Education International
Education International

State-of-the-art research frames global response to privatisation

published 20 January 2017 updated 12 January 2022

Prominent scholars, analysts and trade union leaders are convening in Brussels to lay out the mechanisms, strategies and trends in the privatisation of education – with the aim of turning research into successful action.

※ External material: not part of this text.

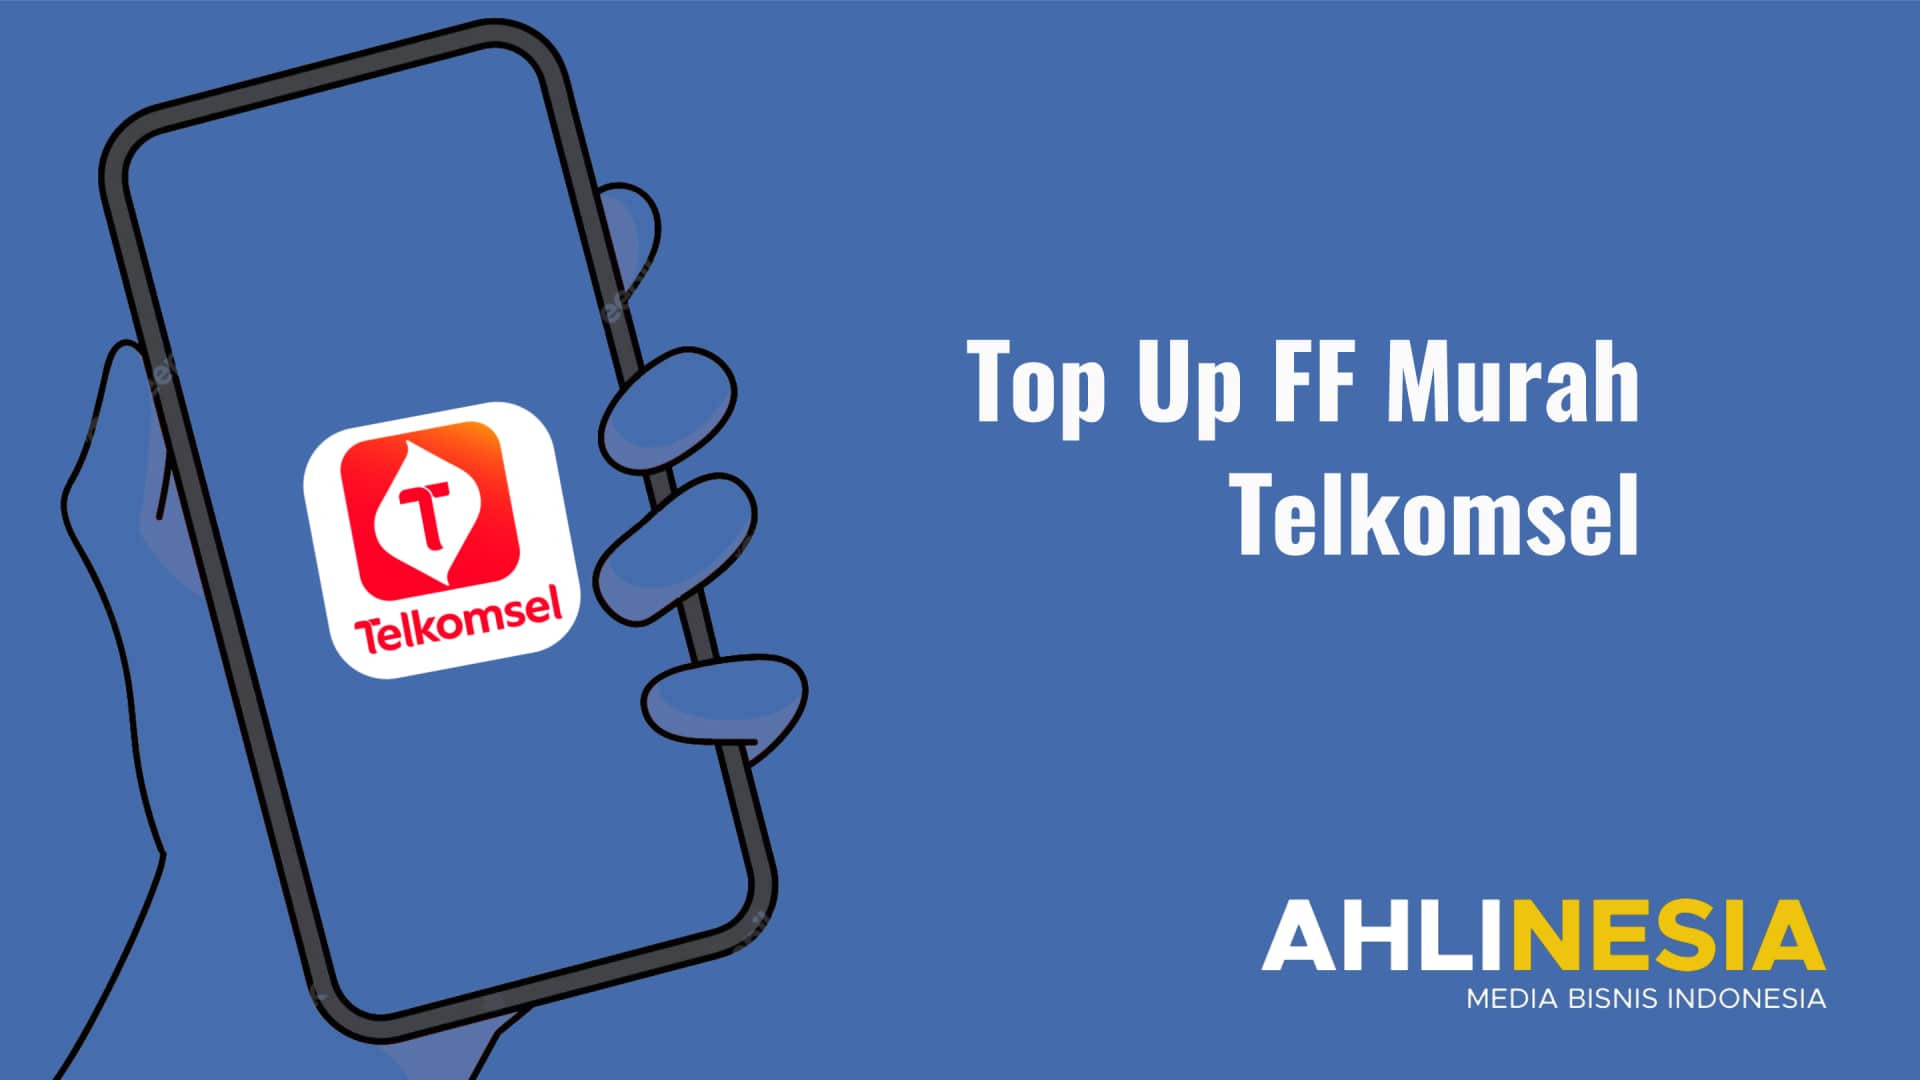 Top Up FF Murah Telkomsel
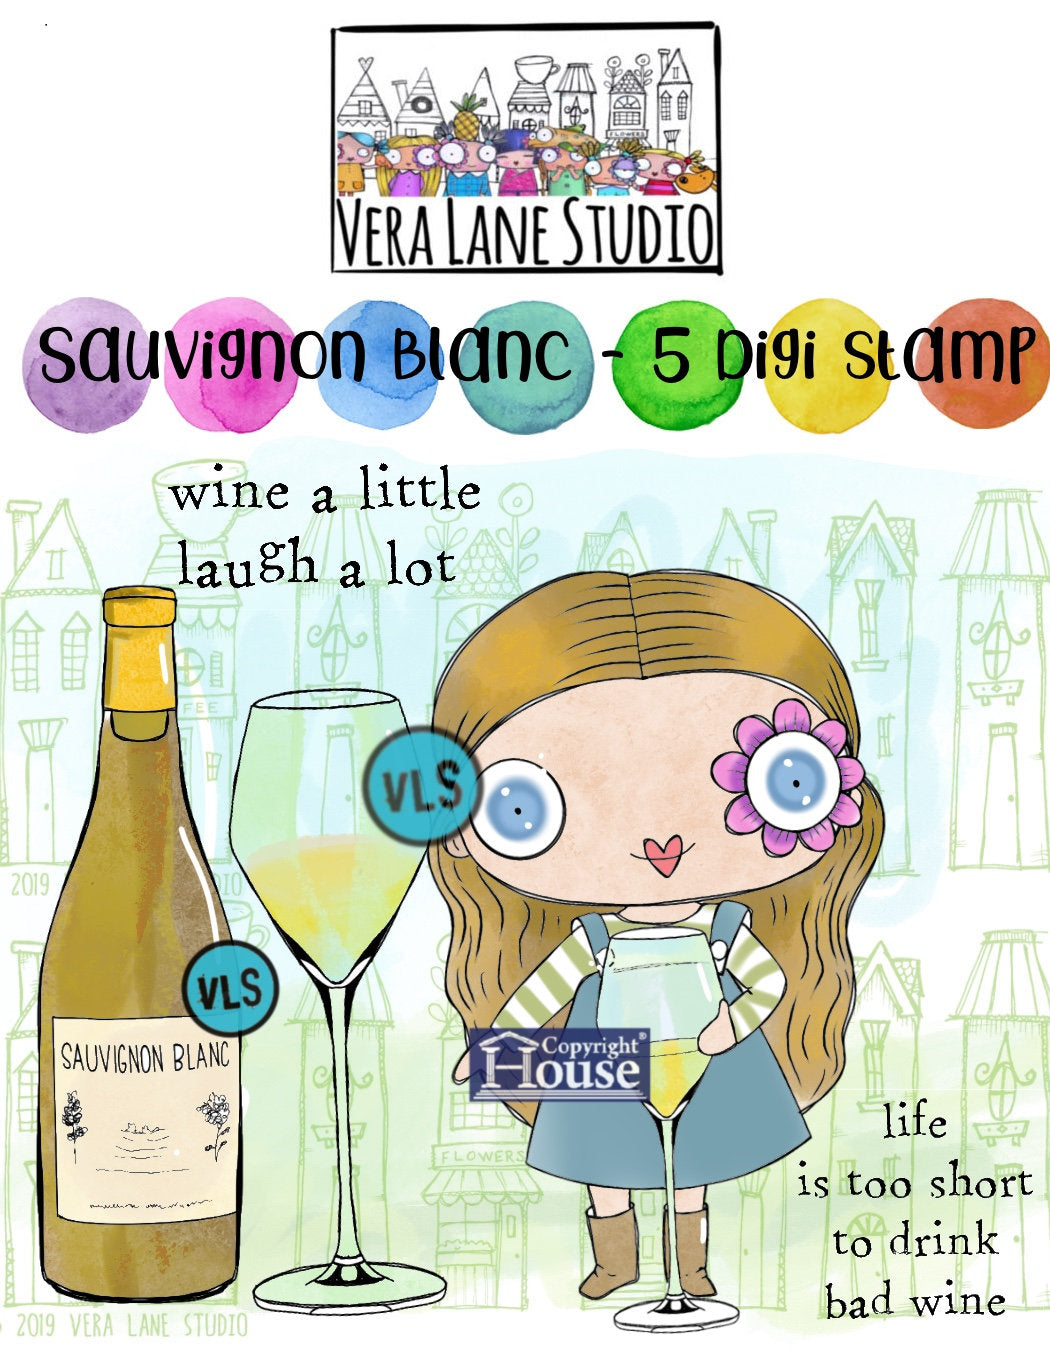 Sauvignon Blanc - 5 Digi stamp bundle in jpg and png files

The Global Response Network meeting, hosted by Education International (EI), is unfolding in the International Trade Union House in Brussels from January 19-20. More than 50 participants from all over the world are analysing the current trends in the privatisation of education, a global phenomenon that pervades and hollows out education systems, posing the “biggest threat to the right to education”, according to project director Angelo Gavrielatos, who chaired the sessions.

A successful campaign

The decision to launch a Global Response to the privatisation of education was adopted by EI’s seventh World Congress as its top priority. One-and-a-half years into the campaign, the joint effort by EI’s affiliates and partners has had some success, Gavrielatos said. The Ugandan government’s decision to close the schools belonging to the private for-profit chain Bridge International Academies (BIA) in Uganda after the publication of an EI-commissioned research paper that highlighted the disastrous conditions of tuition at BIA is the best example of this success.

From research to action

At the meeting, three keynote speakers - prominent scholars and researchers – outlined the current state of the privatisation of education. Respectively, they explored the cases of Uganda and the Philippines, the regional dynamics in Latin America, and the effects of trade deals on education.

Curtis Riep, a Canadian researcher, who was commissioned by EI to carry out two studies, in Uganda(which led to the closure of BIA schools), and the Philippines(analysing the case of APEC schools), presented the operations of two major chains of for-profit private schools and their impact on the communities in which they are based.

Susan Robertson, a lecturer at the University of Cambridge, UK, talked about trade deals and their effects on the provision of and access to quality public education. Trade deals reflect the commitment of many governments to neoliberal values, said Robertson, and are part of a paradigm that is neglecting social cohesion, increasing inequality, and reducing productivity in the economies where it is applied.

The research carried out by Toni Verger and his colleagues from the University of Barcelona, Spain, explores the dynamics of privatisation in the Latin American region. Verger named different types of privatisation that are unfolding in a region which has witnessed the “strongest push towards the privatisation of education, for the longest time”, he stressed.